Because you didn't get me I need to explain again. "Plekhanov, the Russian Social Democrat, especially agreed with Engel's insistence that Marxism is simply Darwinism applied to the study of human society." Marx rejected religion and instead of it he placed Darwinist theory. Before human destiny was explained by different religions. Marx interfered into this order. When science interferes into metaphysical sphere then it becomes an ideology, a potential dangerous tool.

 

And vice versa when religion interferes into material life and tries to dominate then it can become a dangerous and harmful tool in conflicts.

 

 

 

Quote:
WOW. A ton of misinformation in this thread.

 

Oh really?

 

 

 

Quote:
This just leads to some return to vulgar Platonism or Gnosticism and is symptomatic of tepid New Age "spiritualism." Yuck, no thanks.

 

Oh, if you put New Age "spiritualism" into inverted commas then it automatically turns into BS. So you are sure that it is not spiritualism in true sense? Why? What gives you a right to write in this manner?
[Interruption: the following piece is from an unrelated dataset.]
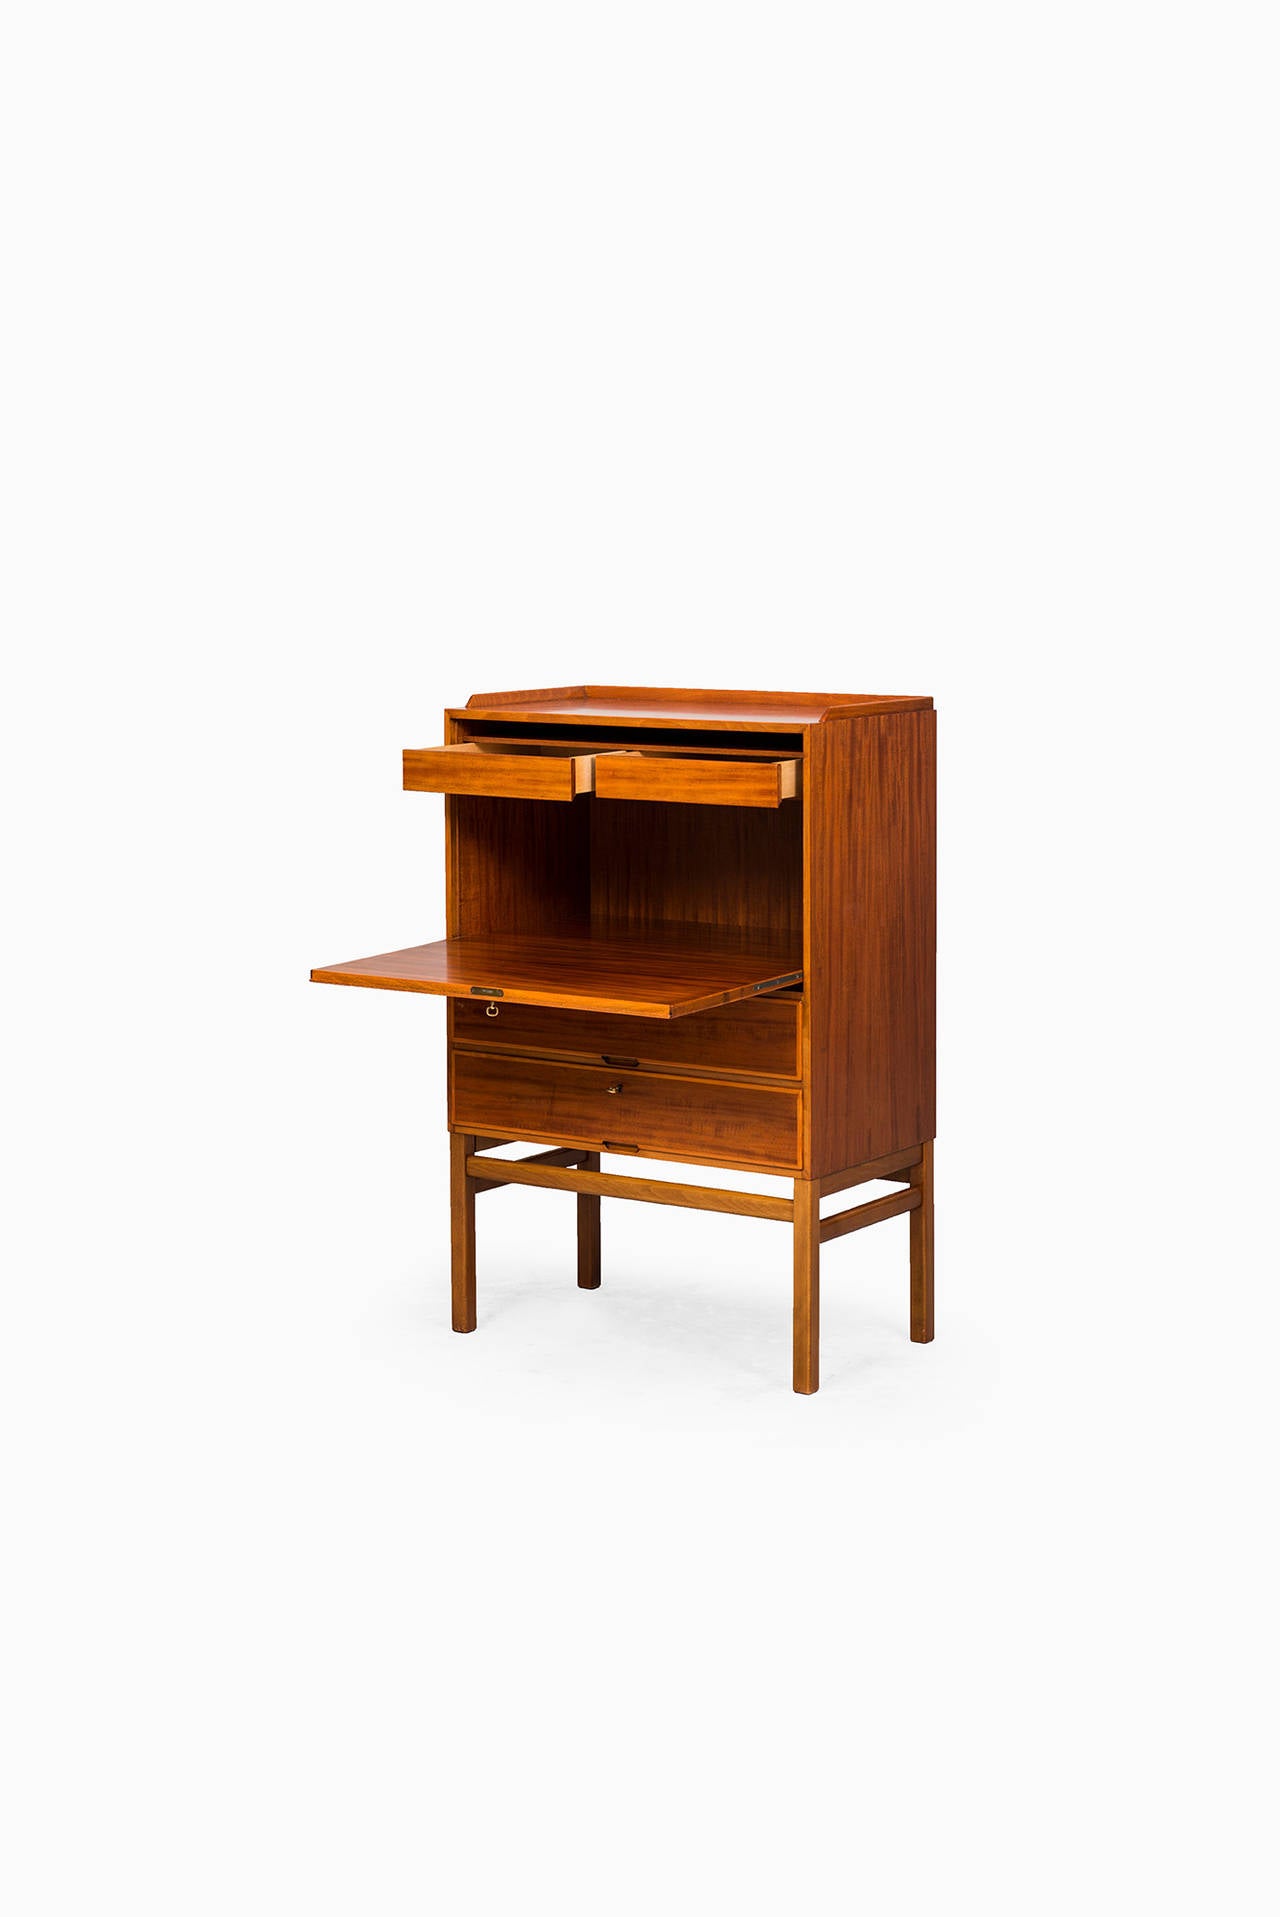 Axel Larsson cabinet / secretaire in mahogany by Bodafors in Sweden 3
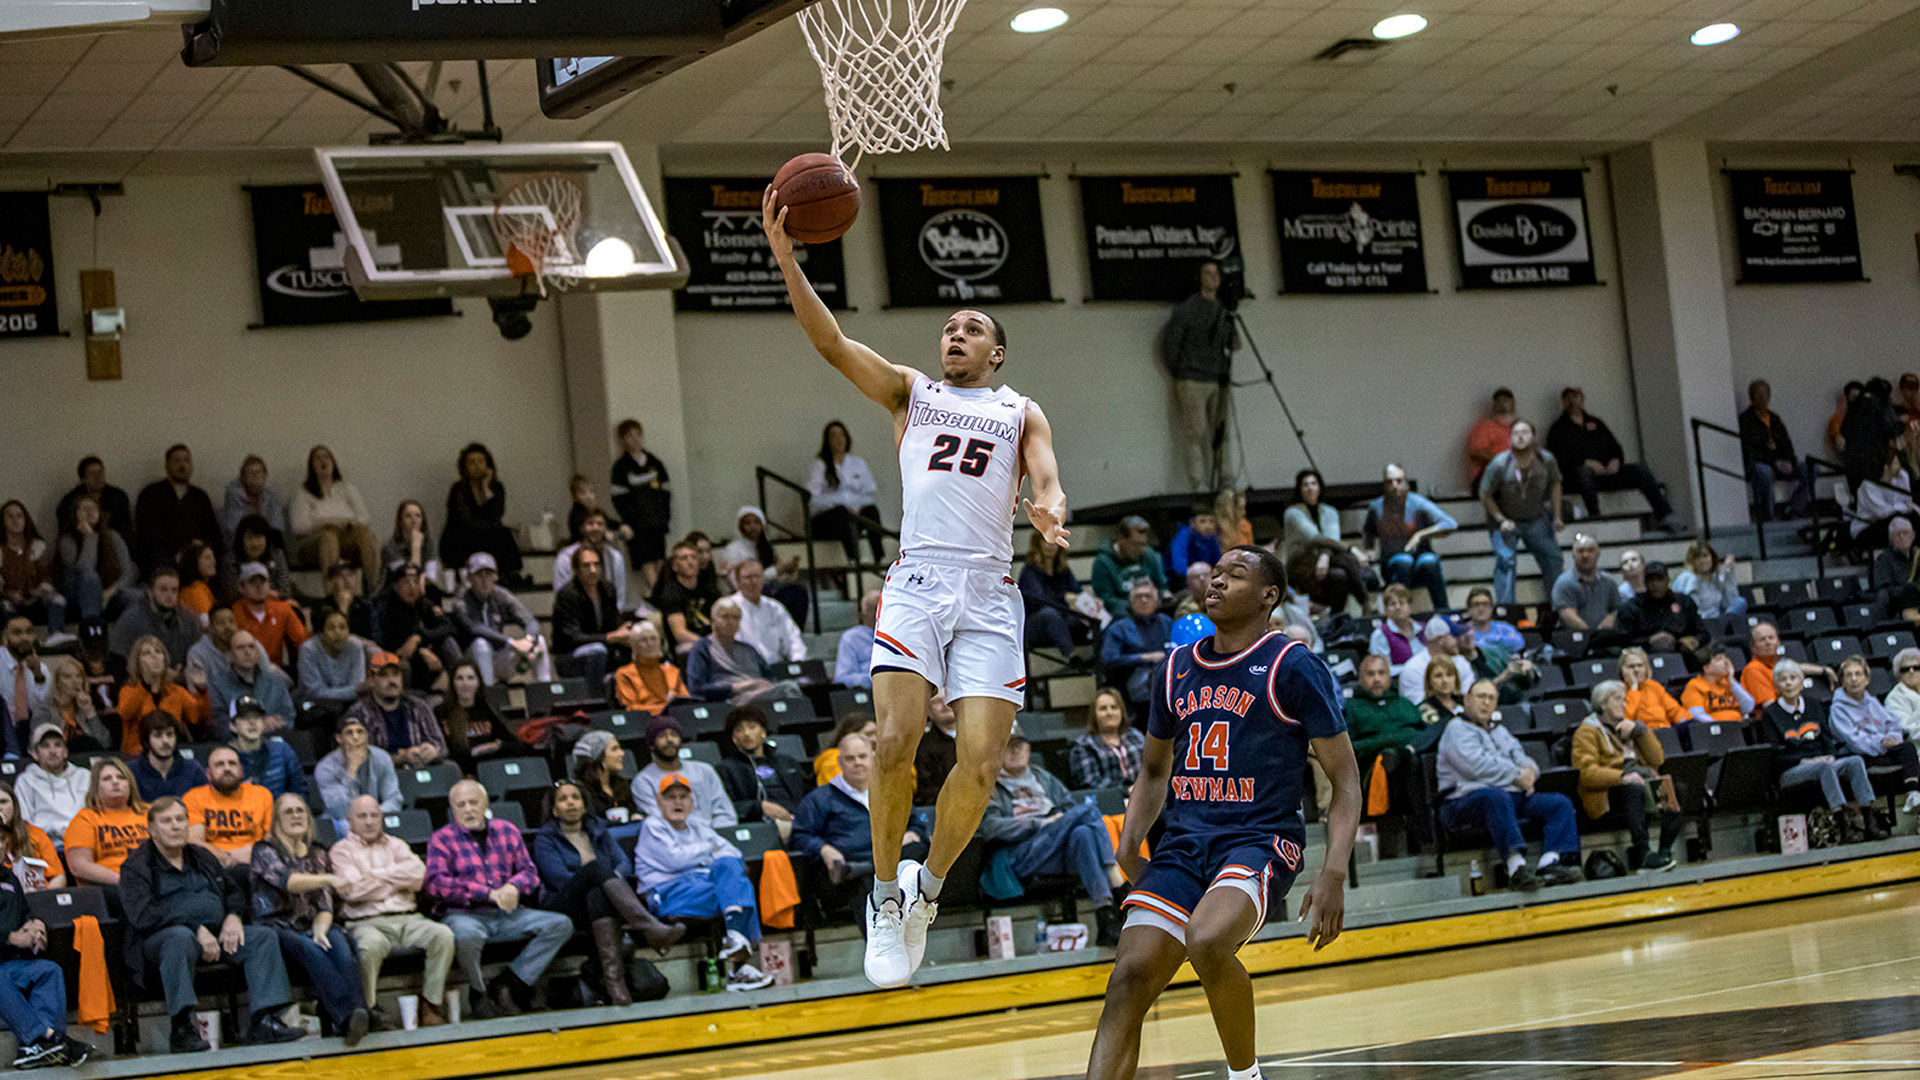 Dillon Smith scored 22 points to lead Tusculum to a 62-52 home win over Carson-Newman (photo by Chuck Williams)

Edited by mutabor - 11/11/12 at 12:48pm
post #2443 of 21760
Mutabor - I think it's fascinating to have a chance to talk directly with someone that was taught and lived under the old socialist model. When you were growing up, were you exposed to the theory underlying socialism, or was it simply fed to you as Truth by the State? I grew-up on the US side of the Cold War, and so (of course) we heard only about the great "Threat of Communism" that had to be held back from sweeping across the globe. I had little or no history or theory of Marx, etc taught to us until I reached college - and even then, because I wasn't majoring in Political Science/Sociology/etc I did not get much.
post #2444 of 21760
Quote:
Originally Posted by 333jeffery View Post

 

And while I'm here, the 40th anniversary of "Thick as a Brick" is out. The sound quality is most excellent, highly recommended.

 

In your opinion, is it better than the MFSL version?

post #2445 of 21760
Quote:
Originally Posted by billybob_jcv View Post

Mutabor - I think it's fascinating to have a chance to talk directly with someone that was taught and lived under the old socialist model. When you were growing up, were you exposed to the theory underlying socialism, or was it simply fed to you as Truth by the State?

 

It was a wall of propaganda on every level. Every student book in school ( from primary to high school) and at the universities was full of quotes of Lenin, Stalin, Marx. Even in such subjects like music they had to tell us what music Lenin listened and stories how he cried over Kreutzer Sonata of Beethoven. We had a special subject where we studied theory of Marxism-Leninism.

 

On science classes we were taught that there was no God and religion was an opium to people and primitive tales from old times. There were numerous books, movies about Lenin. As a child I even loved Lenin. I had to learn poems about him and declared them in front of class. 

 

We couldn't study opposing theories because that kind of literature was banned. 

 

Nowadays it is accepted by the vast majority of our intellectuals that Bolshevik revolution was a tragedy. It's not true that it was Stalin who spoiled great idea. It was Lenin who brought chaos and violence which led to severe Civil War where millions of people died.